首先,有一些体系认为普遍的人格权利是全面人格保护的基础,其中,德国法律就是最好的例子。尽管在该国普通法中存在这种基础,但它并未包括在民法典中,主要是因为仅通过刑事制裁对尊严的保护就被认为是足够的。尽管如此,法律还是承认了特定的人格权,即名称权,形象权,尊严权,名誉权,身体,生命权,自由权和健康权。然而,宪法赋予人的尊严和人格自由发展的最重要意义,在1954年德国联邦最高法院承认一般人格权时发生了根本性变化-贝尔格确认并由拉伦茨和卡纳里斯认为是自德国民法典颁布以来的人格权的发展在德国侵权法中最重要的变化。因此,保护人格的基础是一般性人格权,它包括人格的所有方面,可以看作是所有具体或特定人格权的源泉。这些权利要么体现在作为指示的立法中,要么被法院认可,例如,隐私权和身份权。因此,一般权利可以被视为扩展人格保护的一般条款。
与之相对的是那些认为不需要承认一般人格权的制度,因为它们的法律对全面人格保护有不同的基础。法国法律就是一个明显的例子。在这方面,法院根据法律委员会的一般法律规定,特别是通过将损害的概念扩大损害人格的程度,扩大了对人格利益的保护。这些利益包括人身完整、尊严、良好的名声、感情(类“亲情”)、隐私和身份(包括姓名和形象),法院可将其认定为人格权的客体。

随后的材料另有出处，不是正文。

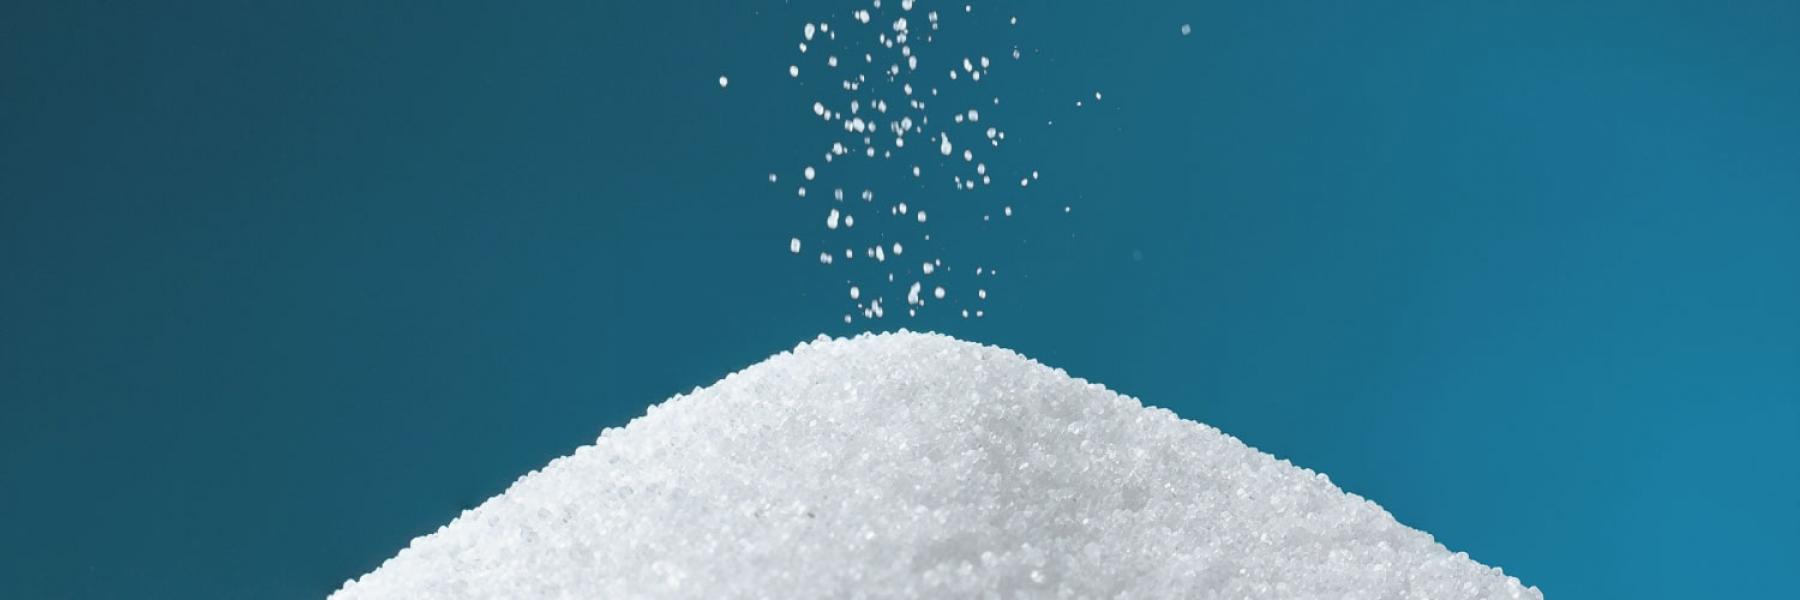 نصائح تساعدك على تقليل استهلاك الملح
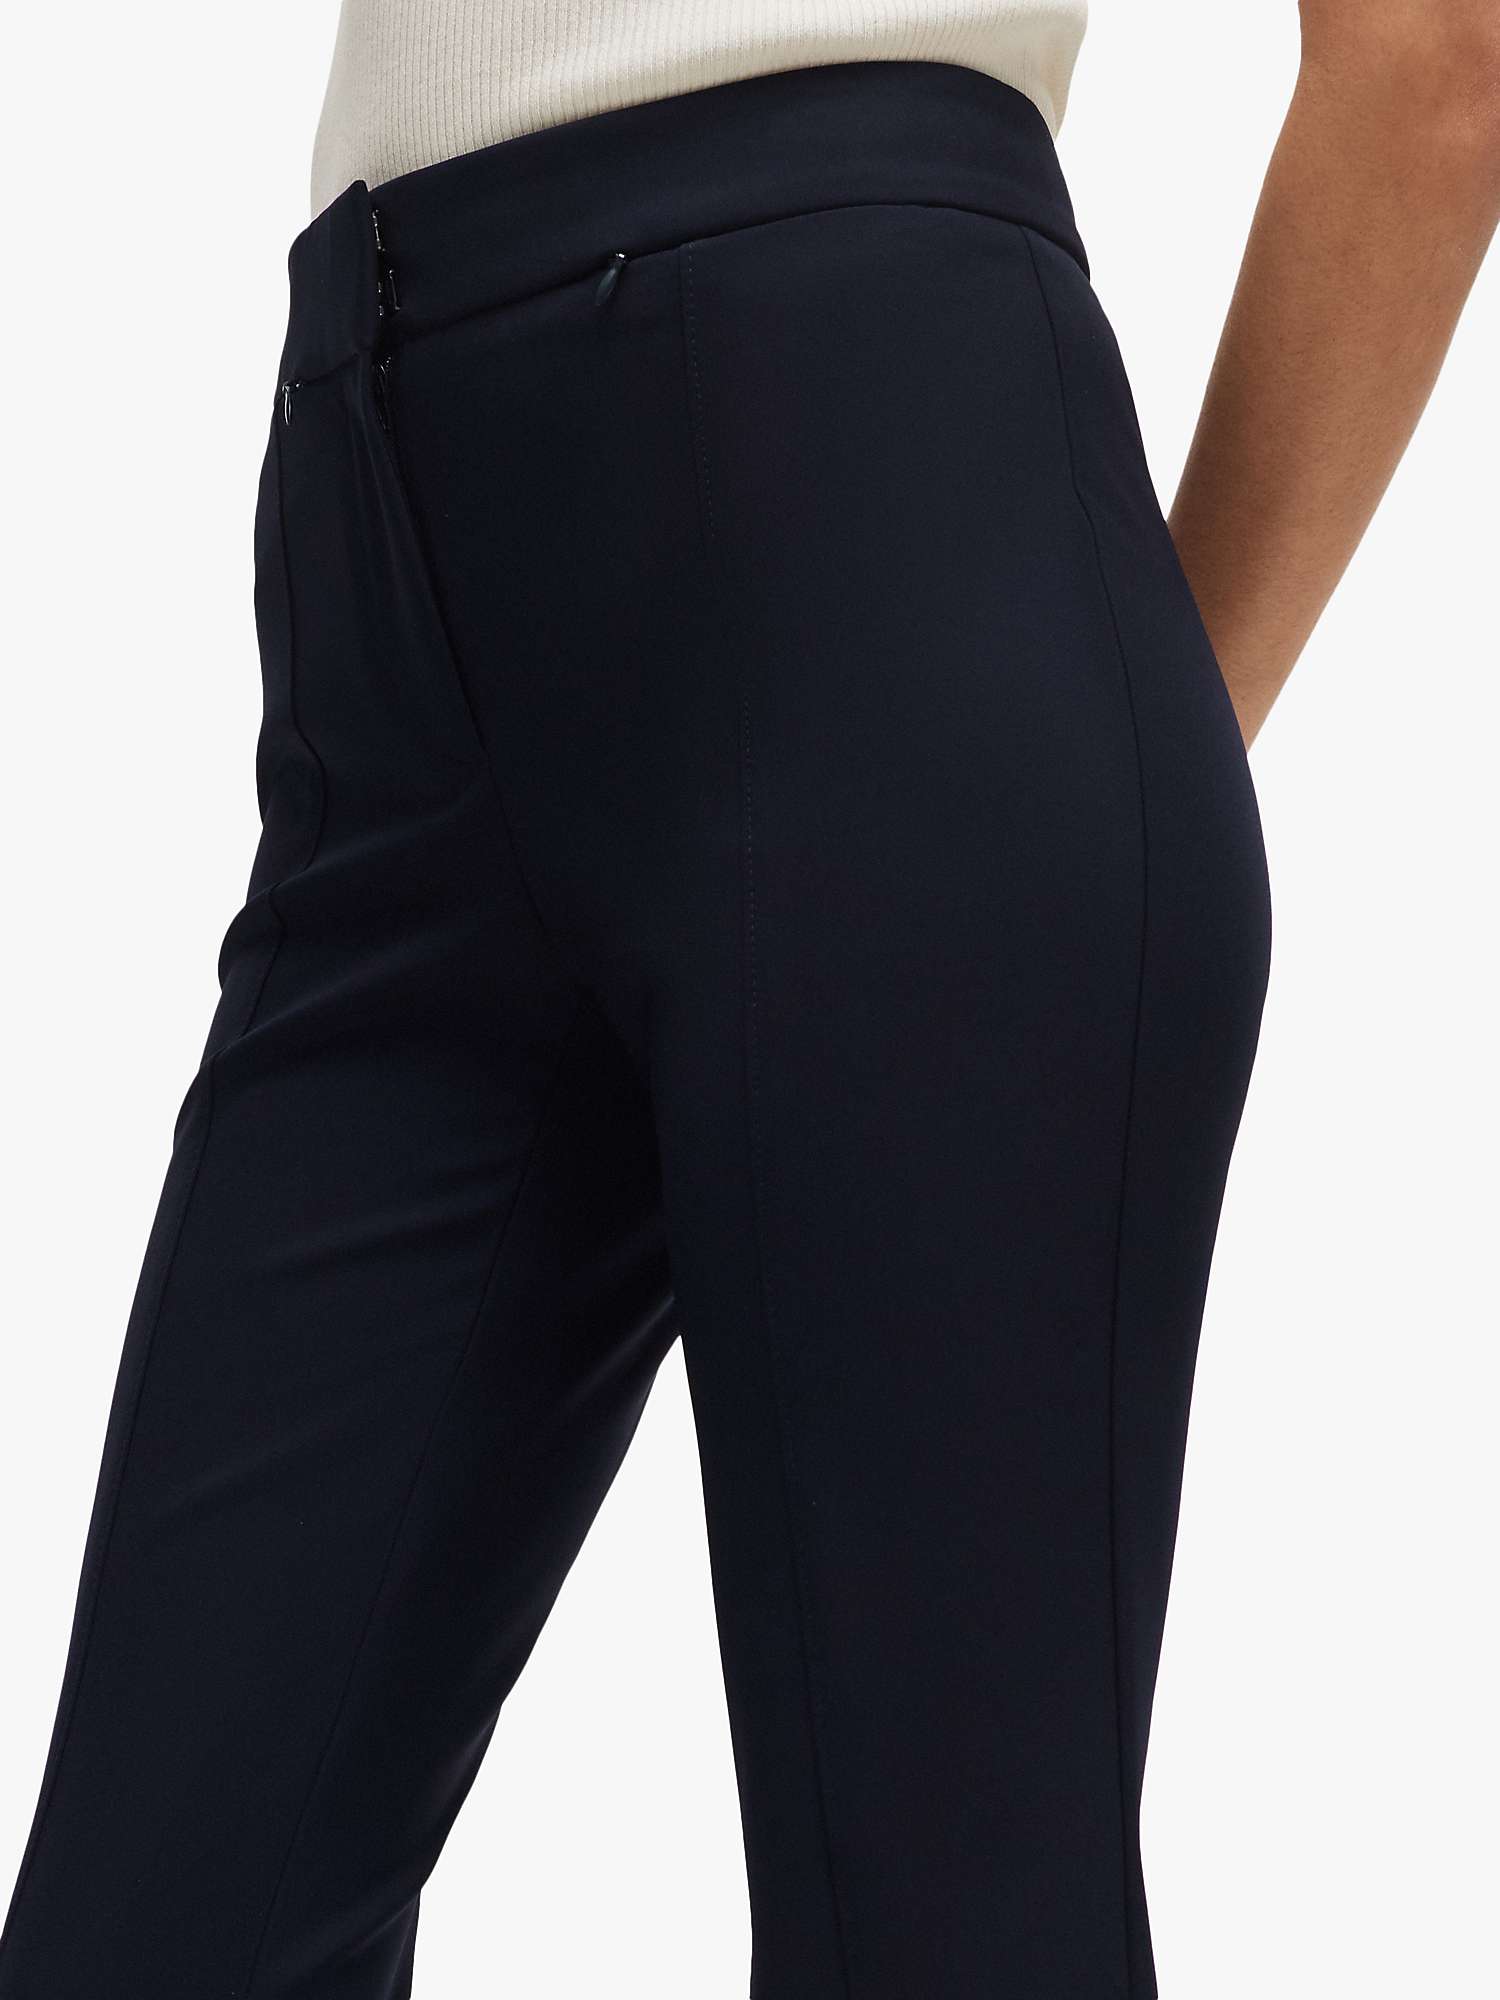 Buy BOSS Tukeva Zip Hem Slim Leg Trousers, Navy Online at johnlewis.com

少数此类利益还被进一步予以立法保护,最突出的是在委员会确认条款中表示的对隐私权界限的认定。结果是,由于包罗万象的保护尤其是侵权行为的原则,没有必要再认可一般人格的权利——如德国法律。除此之外,这一权利的实际意义也受到法国法学家的质疑,因为具体人格权的具体化在任何情况下仍然是必要的。这里也可以提到南达科他州的法律。由于侵权之诉提供了对人格的种类繁多的保护,因此不需要承认一般的人格权利。独立的人格权利承认和保护,包括权利主体(身体和心灵的完整性),自由(身体自由)和名誉(名声),以及有关安乐死的权利也被视为一个对于所有其他人格权利的集体项,尤其尊严的版权,隐私,在较小程度上,情感和身份。尊严的概念是承认进一步的人格权利的基础,因此,扩大人格保护在一些情况下是很有必要的。
第三,有些制度虽然有全面保护人格的另一种依据,但同时也承认普遍的人格权。例如,在荷兰和奥地利就是这种情况。在奥地利,不仅在明确强调人格权的公法条款中,而且在一般的私法条款中,都提供了全面承认和保护人格权的基础。但是,长期以来,法院对实现人格权产生了抑制性影响。这些规定的全部潜力,拒绝(反法律)将人格保护范围扩大到立法明确承认的案件之外,这也许是奥地利法院最近采用一般人格权的原因。特定人格权(例如生命权,人身完整权,形象权,隐私权和尊严权也得到承认。在荷兰,尽管《生物武器公约》有一般性的剥夺性条款,而且该条款还规定了在自然人的侵权,尊严,名誉或任何其他人的侵权情况下判给非金钱损失的规定,其中包括:非人身伤害(例如精神疾病),侵犯隐私权和行动自由受到干扰,最高法院于1994年承认存在普遍的人格权,据说这项权利巩固了其他基本权利,如权利隐私权,尽管其法律性质仍不确定。尽管荷兰法律承认人格权(例如生命权,身心健康权,行动自由权,尊严权,好名誉,身份,自治权和隐私权),但最引人注目德国和荷兰关于一般人格权的概念的区别在于,前者引起了各种特定人格权的创造,而后者的发展速度一直非常缓慢。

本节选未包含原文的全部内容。